While I'm here, what the hell is the "Recent Status Updates" panel all about? Not that it matters really.


----------



## Shaun (30 Apr 2012)

raindog said:


> Thanks Doctor - have it sussed now, but why 'start a conversation' and not 'send pm' ?
> Oh well.
> 
> While I'm here, what the hell is the "Recent Status Updates" panel all about? Not that it matters really.


 
Because other people can be invited into the conversation they're no longer strictly private, so the new phrasing is *Personal conversation* (but don't worry, everyone still calls them PM's  ).
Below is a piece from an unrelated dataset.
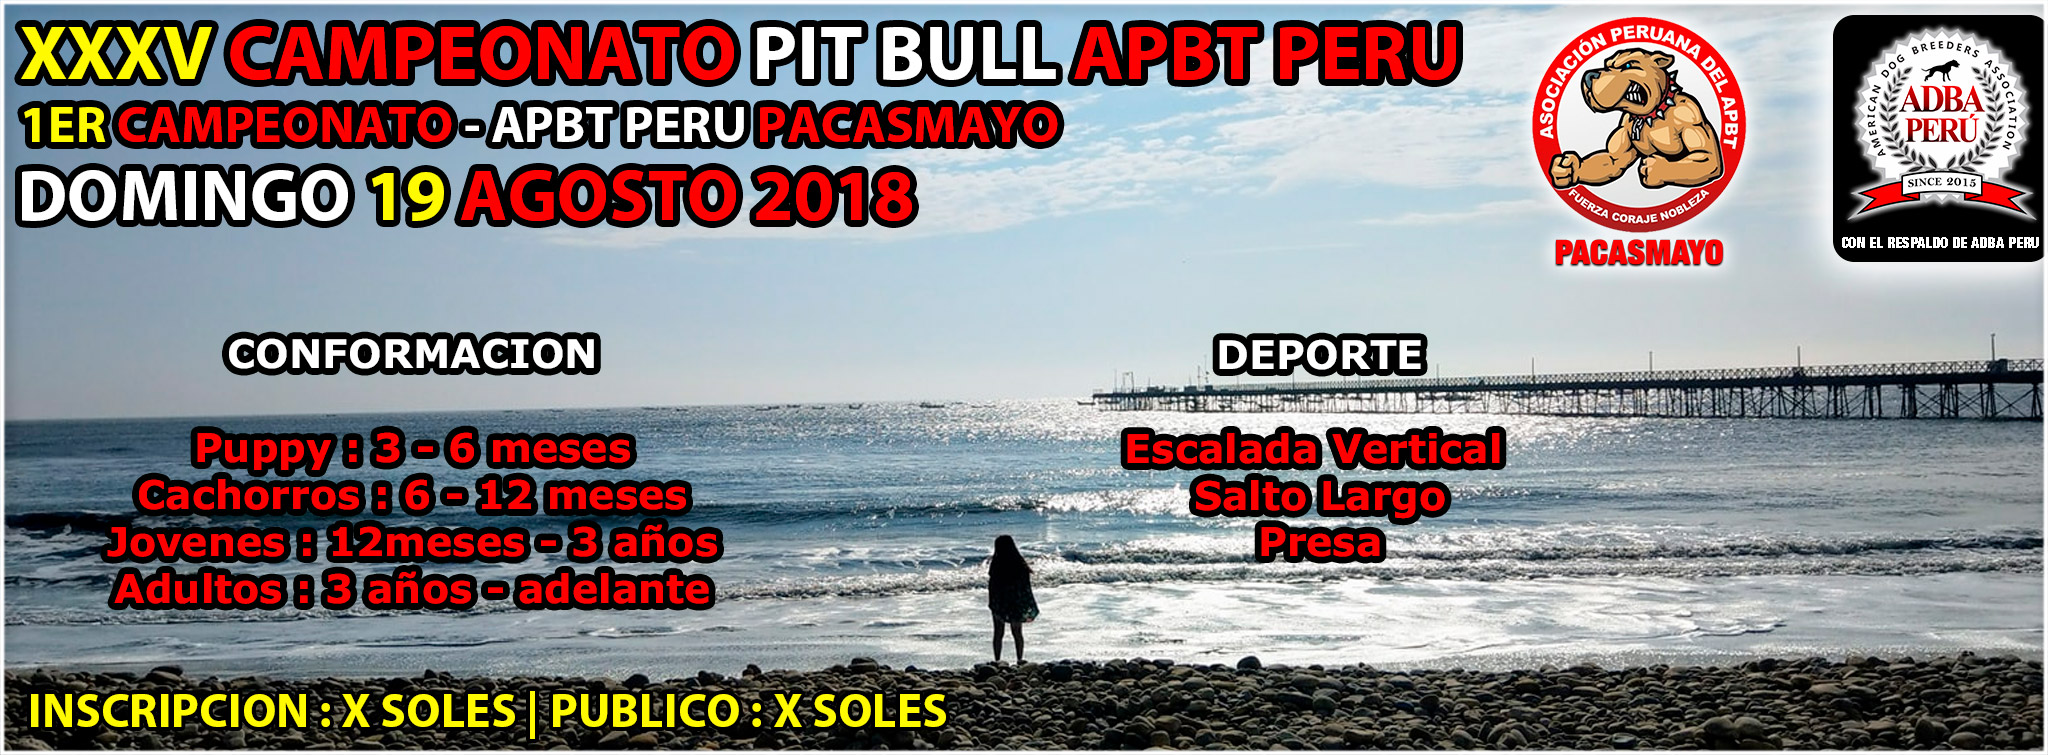 XXXV Campeonato Apbt Peru – 1er Campeonato Apbt Peru – Pacasmayo

Status updates are short snippets people can post on their profile page, similar to Facebook and Twitter. You can see the latest ones on the homepage (right sidebar) and they are shown when you visit someone's profile page. They're quite handy when you want to make a quick comment that you don't feel warrants a thread of its own.

Cheers,
Shaun


----------



## raindog (30 Apr 2012)

OK, thanks Shaun


----------



## TheDoctor (30 Apr 2012)

Admin said:


> Status updates are short snippets people can post on their profile page, similar to Facebook and Twitter. You can see the latest ones on the homepage (right sidebar) and they are shown when you visit someone's profile page. They're quite handy when you want to make a quick comment that *you don't feel warrants a thread of its ow*n.
> 
> Cheers,
> Shaun


 
Nothing I've ever posted warrants a thread of its own!!!!!!! !! !!!!!!!!!


----------



## raindog (1 May 2012)




----------